◆ AVAILABLE DATA:
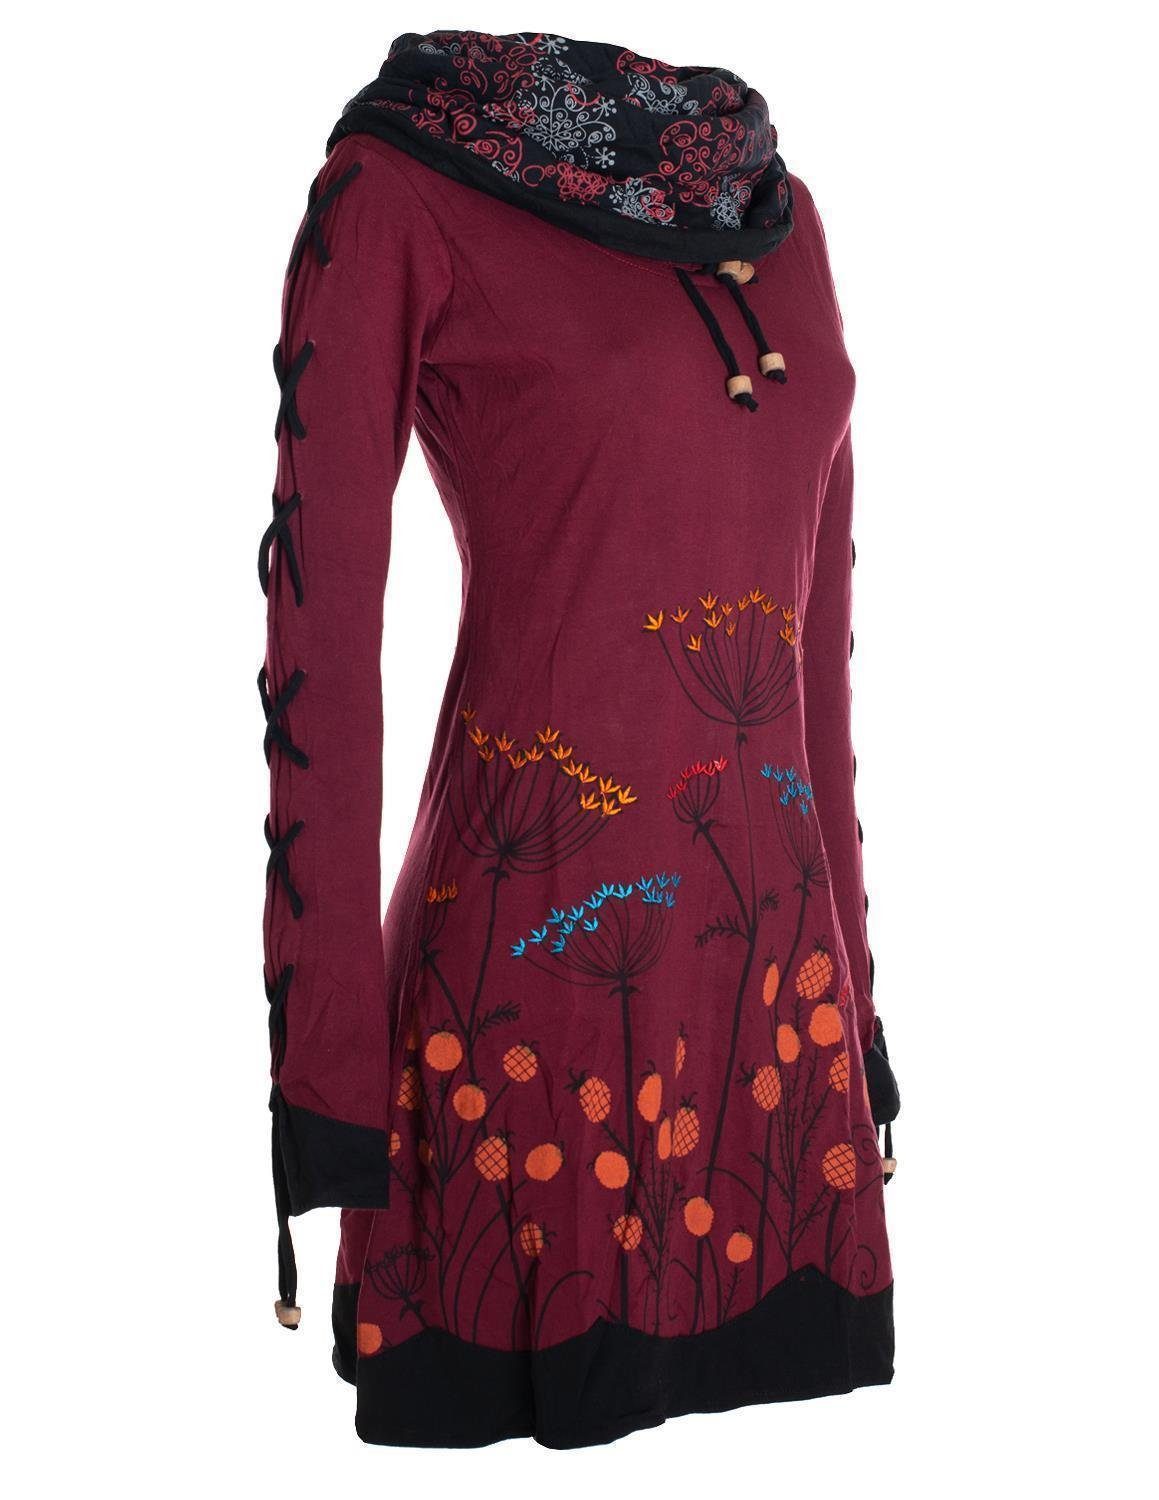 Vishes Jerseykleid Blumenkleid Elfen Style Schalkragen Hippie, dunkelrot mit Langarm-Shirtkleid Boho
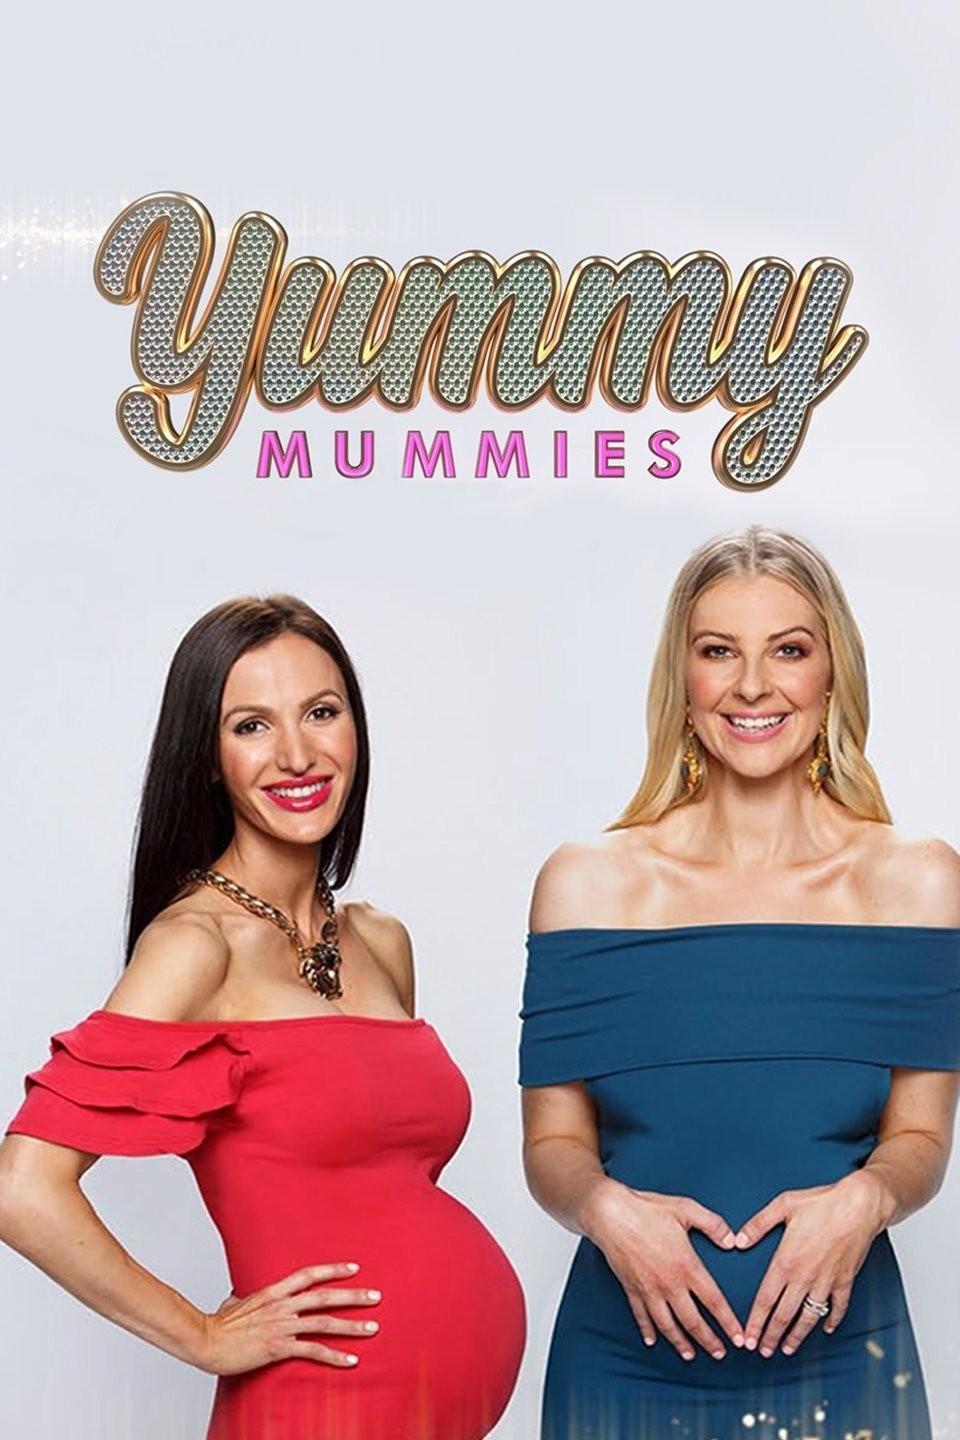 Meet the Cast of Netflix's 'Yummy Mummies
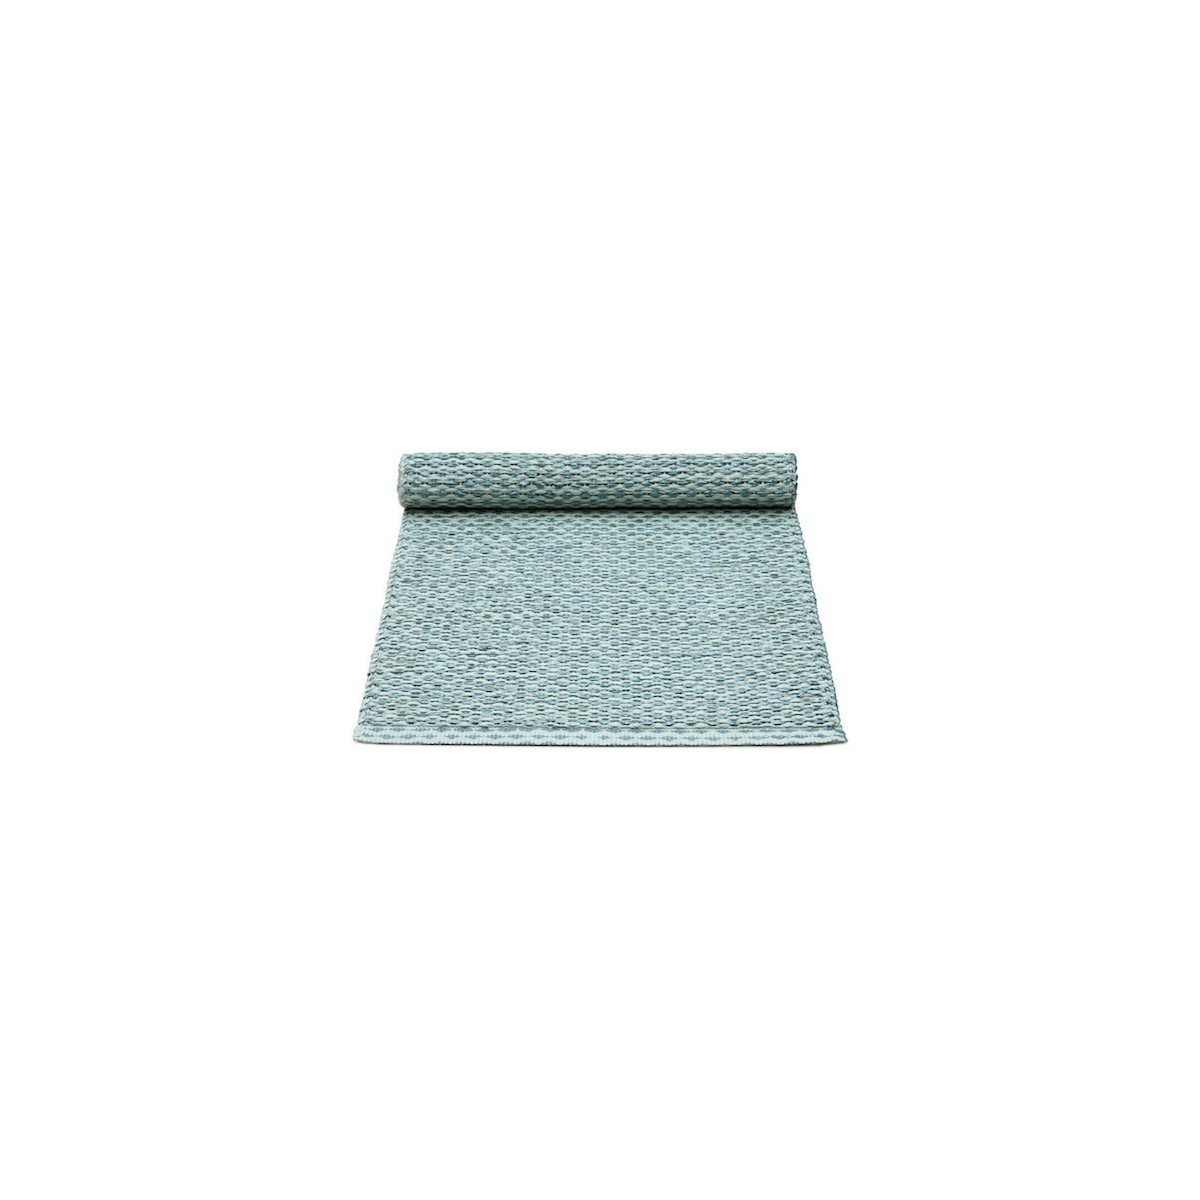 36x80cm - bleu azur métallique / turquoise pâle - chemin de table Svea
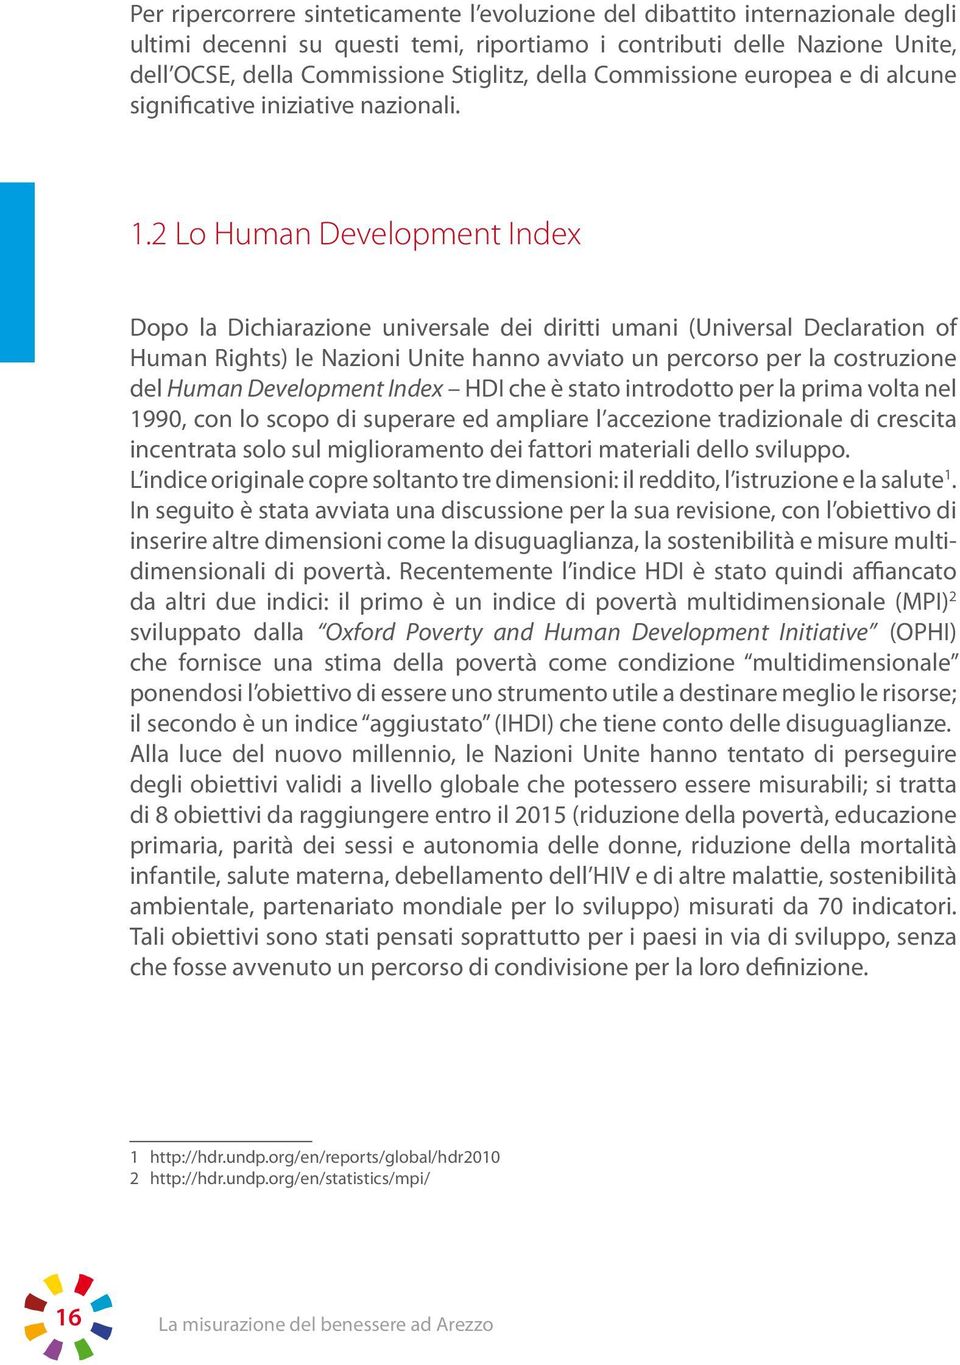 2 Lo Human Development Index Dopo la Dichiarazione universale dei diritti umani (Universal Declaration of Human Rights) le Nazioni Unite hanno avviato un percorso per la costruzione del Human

◆ EXERCISE OBJECTIVE:
Everything from the line holding "Meet the Cast of Netflix's 'Yummy Mummies" through the last line of the listing should be written out exactly, except for the pictures.

◆ EXERCISE ANSWER:
 Meet the Cast of Netflix's 'Yummy Mummies
 36x80cm - bleu azur métallique / turquoise pâle - chemin de table Svea
 2 Lo Human Development Index Dopo la Dichiarazione universale dei diritti umani (Universal Declaration of Human Rights) le Nazioni Unite hanno avviato un percorso per la costruzione del Human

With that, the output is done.